Этим ласковым именем я не называл её много лет, и не знаю, откуда оно выплыло, но Пэм сломалась. Расплакалась. На этот раз без злости.

— Ну почему ты такой мерзавец? Почему не отстанешь от меня?

И мне хотелось именно этого. А ещё принять пару болеутоляющих таблеток. И, возможно, распластаться на кровати, и поплакать самому, хотя в последнем уверенности не было.

— Скажи ему, что ты знаешь. Скажи ему, что он должен пойти к психиатру и вновь начать принимать антидепрессанты. И что самое важное, скажи ему, если он покончит с собой, ты расскажешь всем, начиная с его матери и брата. И как бы он ни старался, все узнают, что его смерть самоубийство.

— Я не могу этого сделать! Не могу! — В её голосе звучала беспомощность.

Я подумал и решил, что целиком и полностью вручил жизнь Тома Райли в её руки. Просто передал по телефонному проводу. Такое перекладывание ответственности совершенно не вязалось с прежним Эдгаром Фримантлом, но, разумеется, тот Эдгар Фримантл и подумать не мог, что будет рисовать закаты. Или играть с куклами.

— Тебе решать, Панда. Всё может пойти прахом, если он больше не любит тебя, но…

— Он-то любит. — Беспомощности в её голосе ещё прибавилось.

— Тогда скажи Тому, что он должен снова начать жить, нравится ему это или нет.

— Старина Эдгар, по-прежнему решающий вопросы. — В голосе Пэм слышалась усталость. — Даже из своего островного королевства. Старина Эдгар. Эдгар-Монстр.

— Мне больно это слышать.

— Вот и славно. — И она положила трубку.

Я ещё посидел на диване. Закат становился ярче, а воздух во «флоридской комнате» — холоднее. Те, кто думает, что во Флориде нет зимы, сильно ошибаются. В 1977 году в Сарасоте выпал снег, и его покров толщиной достигал дюйма. Я полагаю, холодно бывает везде. Готов спорить, снег выпадает даже в аду, хотя и сомневаюсь, что он долго там лежит.



ii


Уайрман позвонил сразу после полудня и спросил, остаётся ли в силе приглашение на просмотр моих картин. Под ложечкой, конечно, сосало, я помнил его обещание (или угрозу) высказаться честно и откровенно, но я сказал ему приходить.

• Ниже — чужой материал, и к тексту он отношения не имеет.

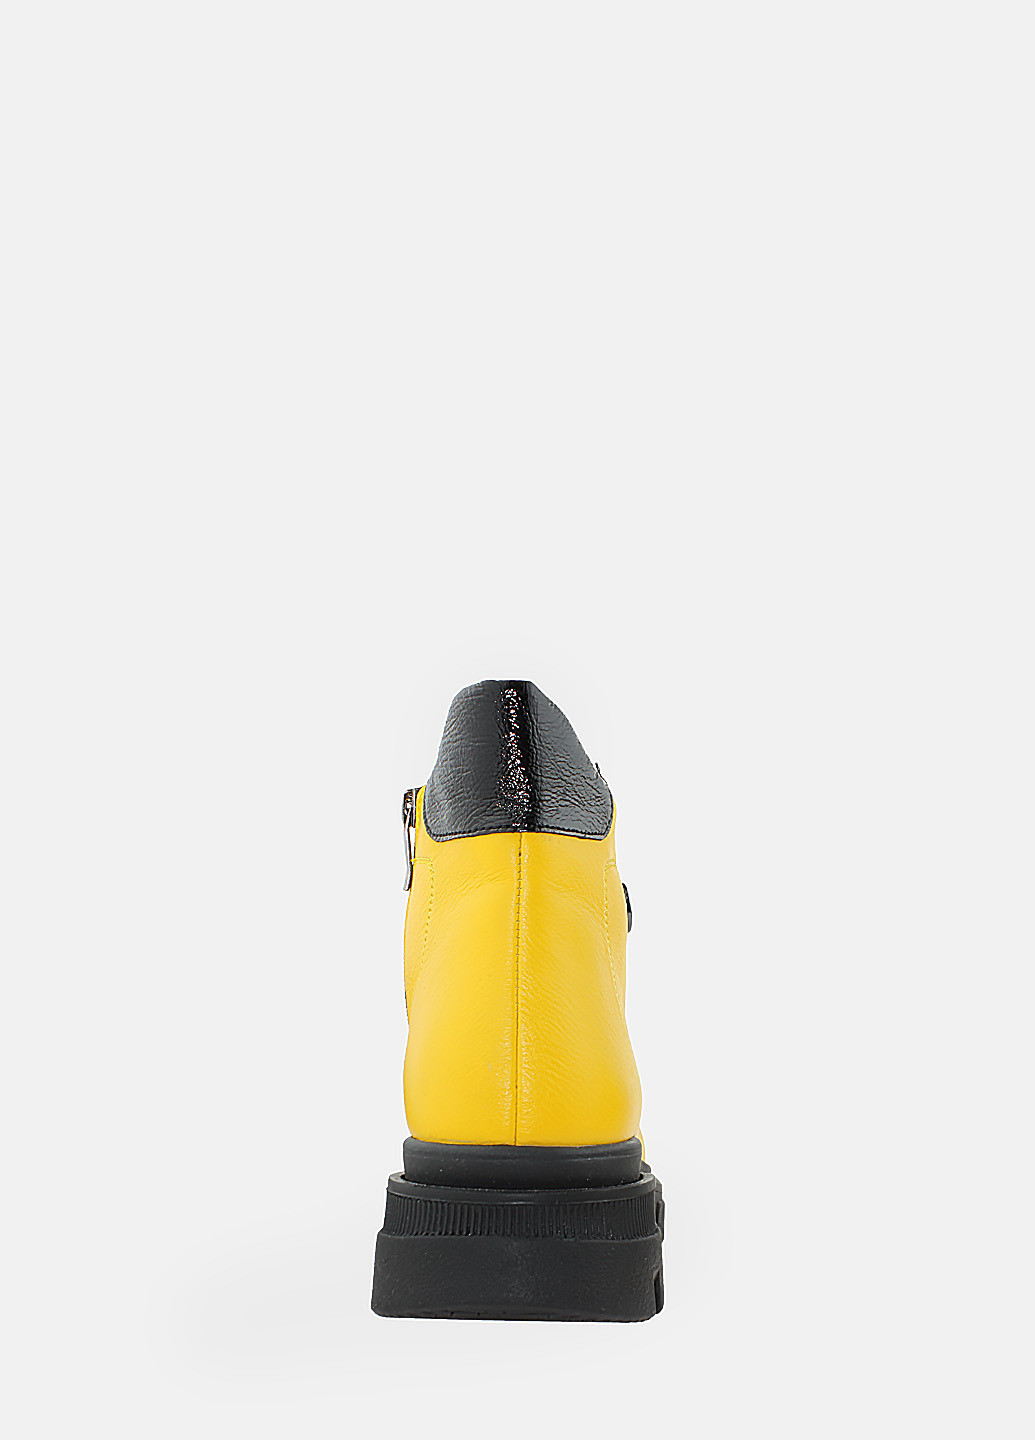 Осенние ботинки rh246-8 жёлтый Hitcher
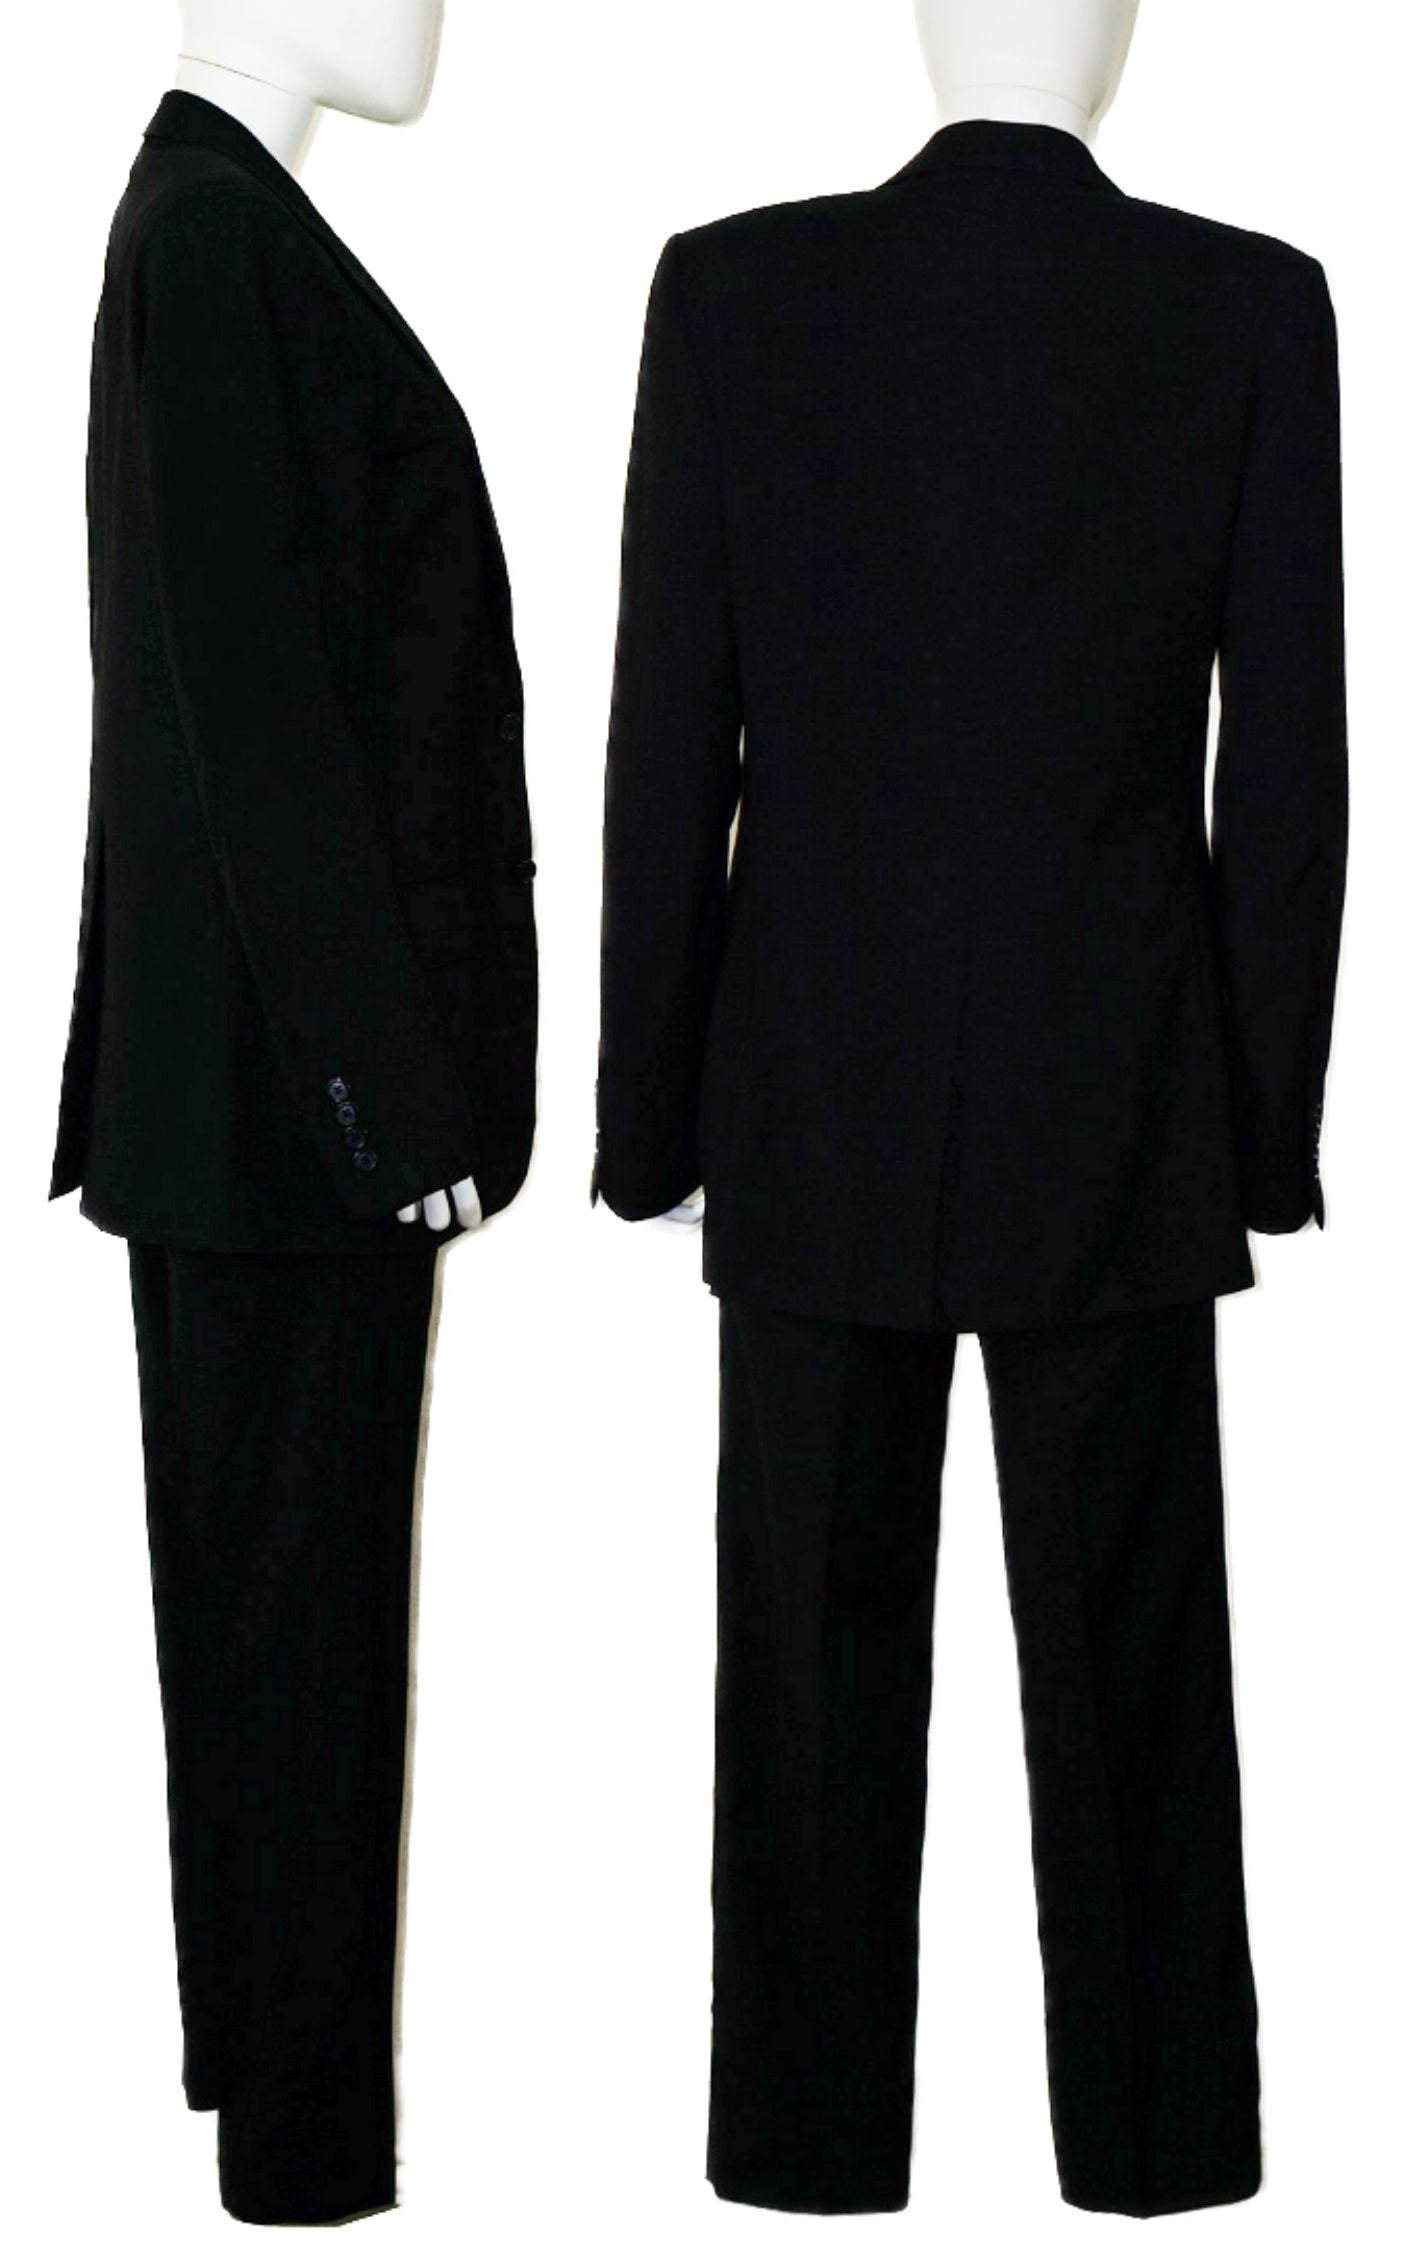 DIOR Homme Wool Men's Black 2-Button Blazer Pants Suit resellum

Я выставил, как мне казалось, шестнадцать лучших… хотя в ясном, холодном свете того январского дня выглядели они все довольно дерьмово. Рисунок Карсона Джонса по-прежнему лежал на полке стенного шкафа в моей спальне. Я его достал, прикрепил к куску оргалита и поставил в конец ряда. Карандашные цвета выглядели неряшливо и неказисто в сравнении с красками, и, разумеется, рисунок был меньше остальных, но я всё равно думал, что в нём что-то есть.

Мелькнула мысль добавить рисунок человека в красном, но делать этого я не стал. Не знаю почему. Может, потому, что от него у меня самого по коже бежали мурашки. Зато я выставил «Здрасьте» — карандашный рисунок танкера.

Уайрман прибыл в ярко-синем гольф-каре, разрисованном жёлтым в модном стиле «пинстрайпинг».[78] Звонить ему не пришлось. Я встретил его у двери.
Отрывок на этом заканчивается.